3. Experimental Results

3.1. System overview

In order to verify the performance of the algorithm described in the following Section 3, a LiDAR/IMU integrated system (Figure 5) was designed and implemented. The measurement sensor LiDAR and Inertial Measurement Unit (IMU) are integrated on the mobile mapping platform to form the hardware of the system. A “UTM-30LX-EW” LiDAR, manufactured by Hokuyo Company (Osaka, Japan), was adopted for the platform. The LiDAR operated at 40 Hz and had a scanning angle range of 270 degrees, with an angular resolution of 0.25 degrees, a maximum effective range of 30 m and a range accuracy of ±30 mm at 0.1 m ~ 10 m and ±50 mm at 10 m ~ 30 m. The measurement accuracy of the LiDAR is in centimeters, and it is a medium precision device. The model of IMU is MTiG, which is a MEMS level device, and the bias stability of IMU gyroscopes is about 200.0 °/h, the bias stability of IMU accelerators is about 2000 mGal (1 Gal = 1 cm/s), and the sampling frequency of the IMU is 200 Hz.

3.2. Results

Field tests were carried out in the library of the Finnish Geospatial Research Institute main building. Dynamic experiments along the aisles of the bookcases were conducted to evaluate the precision and effectiveness of our indoor mapping. Figure 6 shows the comparative results of the occupancy likelihood maps generated by the traditional OLM approach and our proposed OWOLM in a representative indoor scene. On the left, OWOLM (a) and OLM (b) are presented; on the right side, five scene photos of three places in the OWOLM are shown. In this test scene, there are many bookcases in the library and several glass cabinets in the corridor, as shown in the scene photos in Figure 6. Comparing Figure 6a,b, our OWOLM is much clearer and more distinct than the traditional OLM. More details on this will be discussed below.
The bookcases contain various layouts of books, with different shapes or empty shelves, which may introduce noise into indoor mapping. In our 2D map, bookcases are shown as rectangles, such as the perspectives from places number 2 and 3 in Figure 6. Comparing the mapping results of the bookcases in Figure 6a,b, we can see that, in our OWOLM approach the noise is reduced, and the contours of the bookcases are straighter, while the contours of the bookcases in 6(b) have more burrs or connection errors.

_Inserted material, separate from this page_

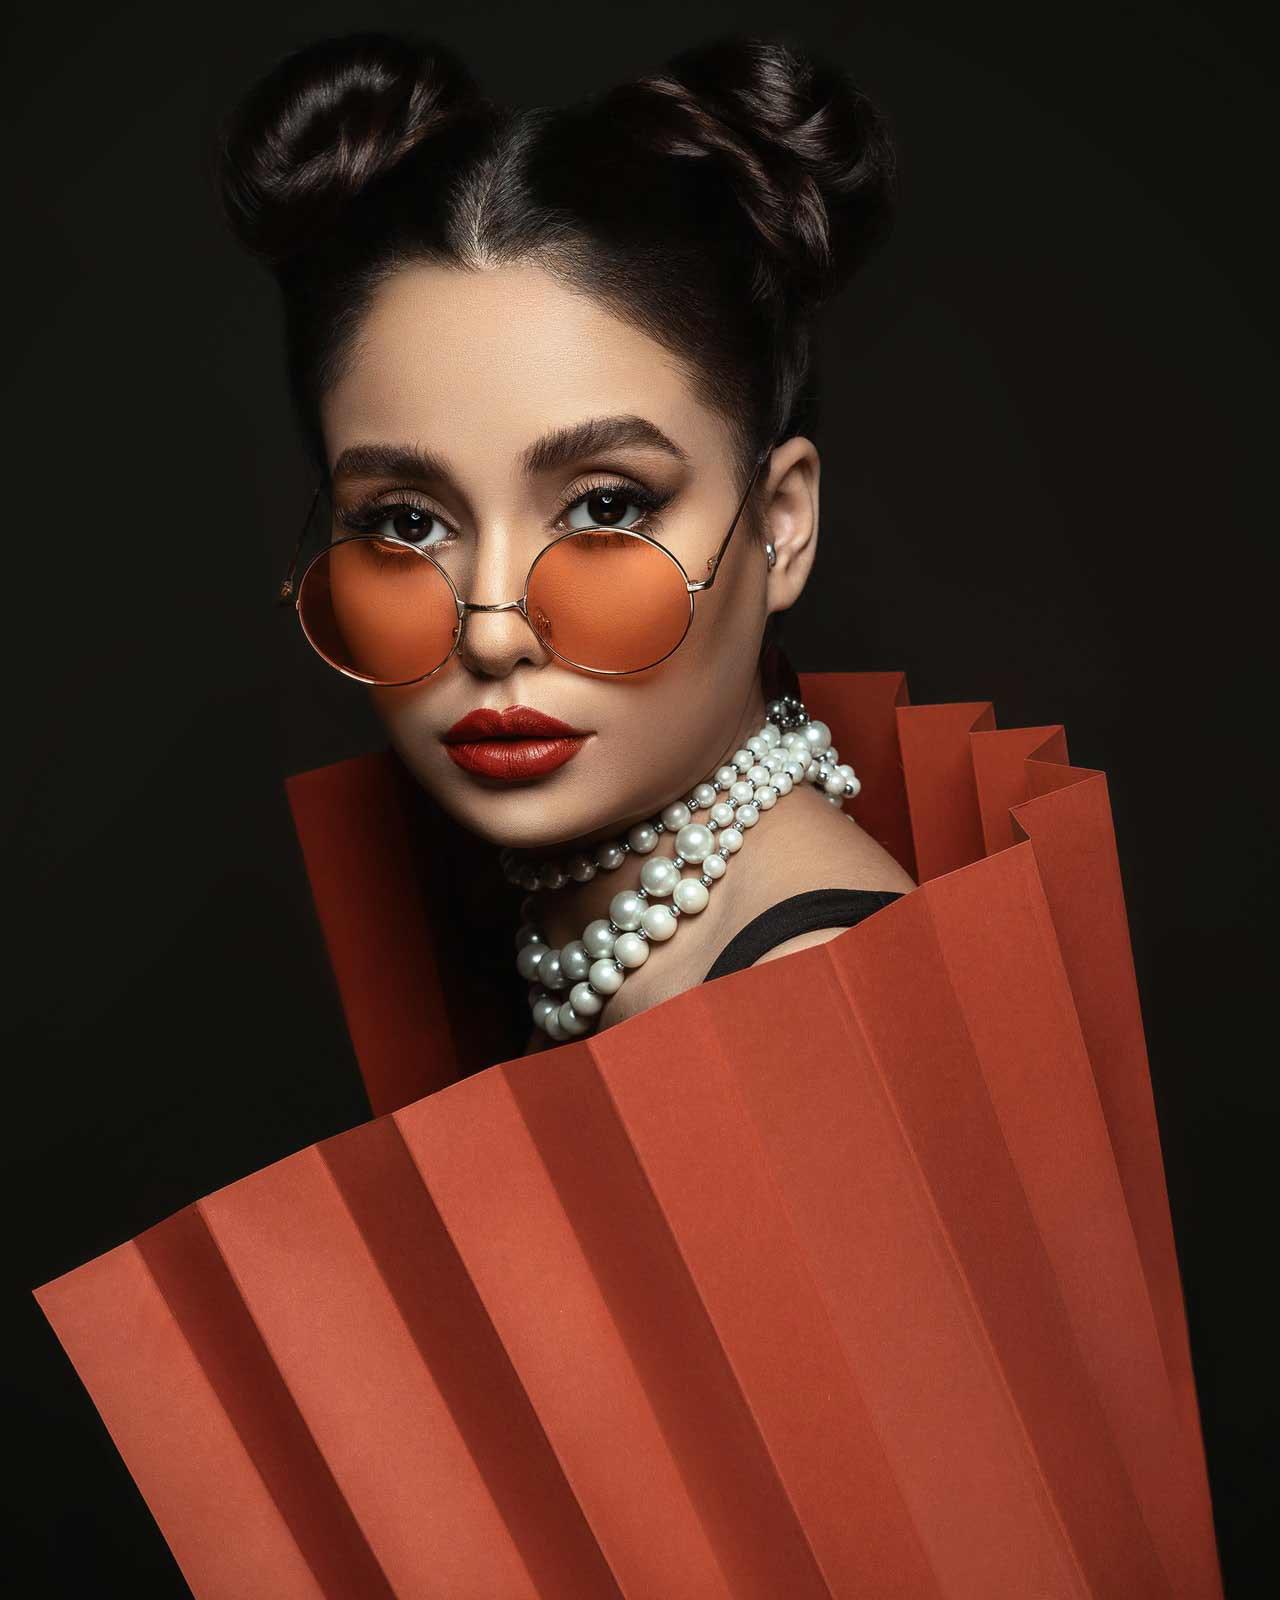 woman-wearing-sunglasses-3387552
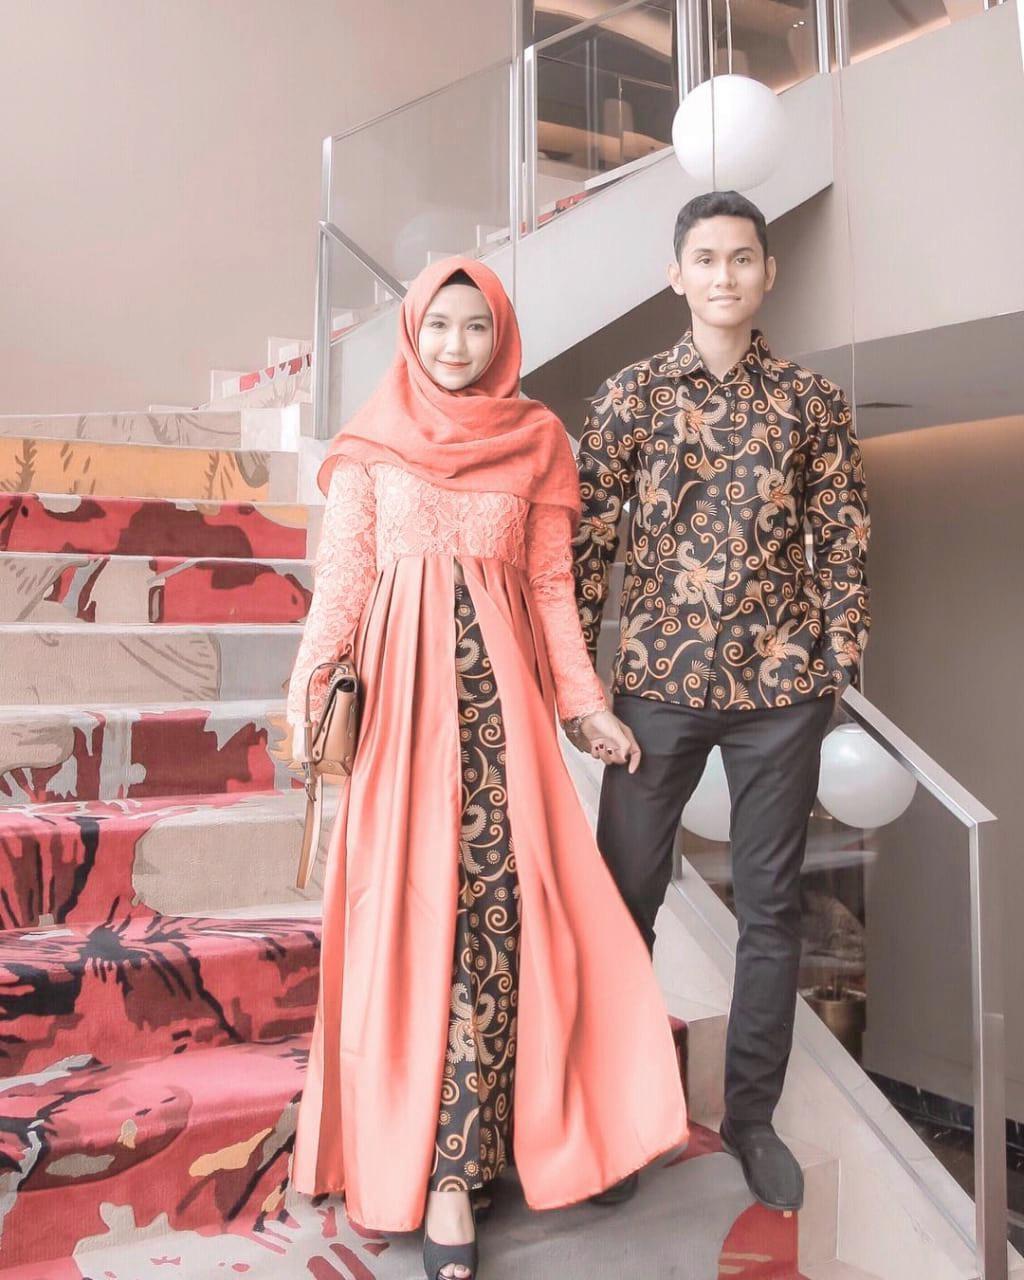 Ide Baju Lebaran Untuk orang Tua Xtd6 Baju Lebaran Untuk orang Tua Gambar islami

This comparative result proves that our proposed method is more effective than the traditional OLM method, because it has far fewer connection errors in relation to contours.
In our test scene, in the place numbers 4 and 5 in Figure 6a, there are several tables and some scattered chairs around the tables. From the occupancy likelihood map in Figure 6b, we can see that, in this situation, the map generated by the traditional OLM approach looks messy and irregular. In our OWOLM, we used the orthogonal blurred segment, with the priori setting of parameters, the mapping of scattered tables and chairs, leaving out the unnecessary details and only keeping the main contours.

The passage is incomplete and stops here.